Тогда я увидела в противоположном углу кареты Катю.
У нее было перебито горло, и темная кровь обильно выливалась на ее платье и мои руки, которыми я, мигом подскочив, пыталась зажать рану. Но кожа была скользкой от крови, а рана настолько большой и рваной, что у меня ничего не выходило. Хотелось кричать и беситься от собственной слабости.
А потом ее взгляд начал медленно стекленеть, и я буквально видела, как жизнь вместе со слабеющими толчками крови уходит из нее. В последней отчаянной попытке сделать хоть что-то я отбросила подол на ее платье и, с невесть взявшимися откуда-то силами, одним движением оторвала порядочный кусок нижней юбки, скомкав его и, наконец, зажав эту невероятно огромную рану на шее.
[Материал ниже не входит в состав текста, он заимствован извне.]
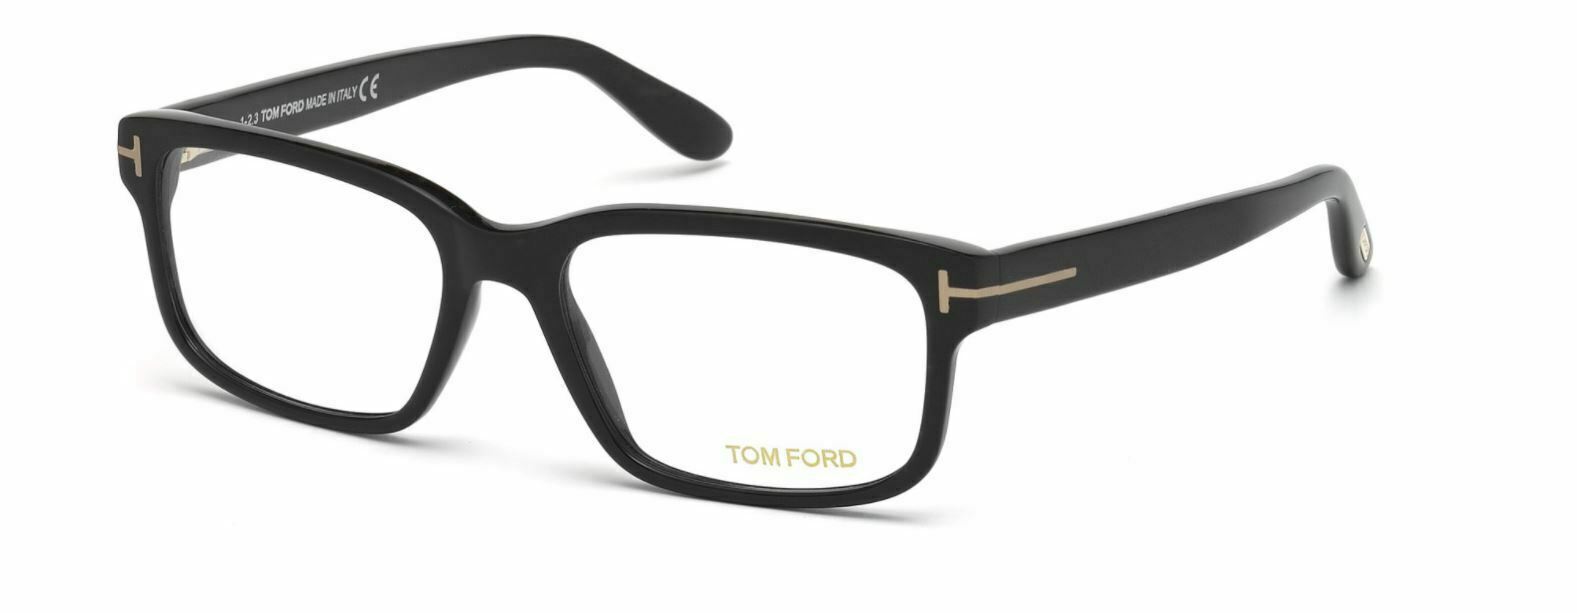 Tom Ford FT5313 001 Shiny Black Eyeglasses

– Кто?! Ты же знаешь, кто стрелял! Говори! – орала я сквозь слезы, видя, что она еще жива.
Впрочем, я не осознавала тогда, что перешла на французский. Так что Катя не поняла бы меня, даже если б могла еще осознавать происходящее. Но она пока что была жива – ее ресницы подрагивали, а губы едва шевелились, как будто пытаясь сквозь невероятные муки произнести:
– Па… па… па…
Потом глаза ее закатились, и она обмякнула в моих руках.
А я все зажимала и зажимала ее рану, пока Кошкин, выросший невесть откуда, не приложил усилия, чтобы отвести мои руки – он плотно обматывал Катину шею другим лоскутом ткани. После он оттащил меня от Кати уже силой и стал что-то говорить мне, отчаянно рыдающей и вырывающейся. В какой-то миг я почувствовала, что сознание оставляет меня – и я даже не пыталась этому противиться, поскольку вязкая пустота, в которую я падала, стала вдруг самой желанной на свете.
Глава XXXI
Острый запах нашатыря ударил в нос – очень захотелось чихнуть, но я все еще не владела собственным телом. Некоторое время я ощущала себя словно в темной комнате с мягкими стенами, понимая, что еще сплю, и гадала как-то отстранено – а вдруг не проснусь?
А потом звуки, ощущения и чувства обрушились на меня лавиной, оглушив и ослепив, и первым, что я увидела в этом ярком свете, были глаза Ильицкого.
– Что-нибудь болит? – не сразу дошел до меня его вопрос.
У меня раскалывалась голова, и чуть саднило кожу на щеке – я помнила, что мне оцарапало ее опилками. И попыталась ответить, что нет, не болит.
Кажется, у меня ничего не вышло, потому что голоса своего я так и не услышала. В конце концов, я лишь покачала головой отрицательно.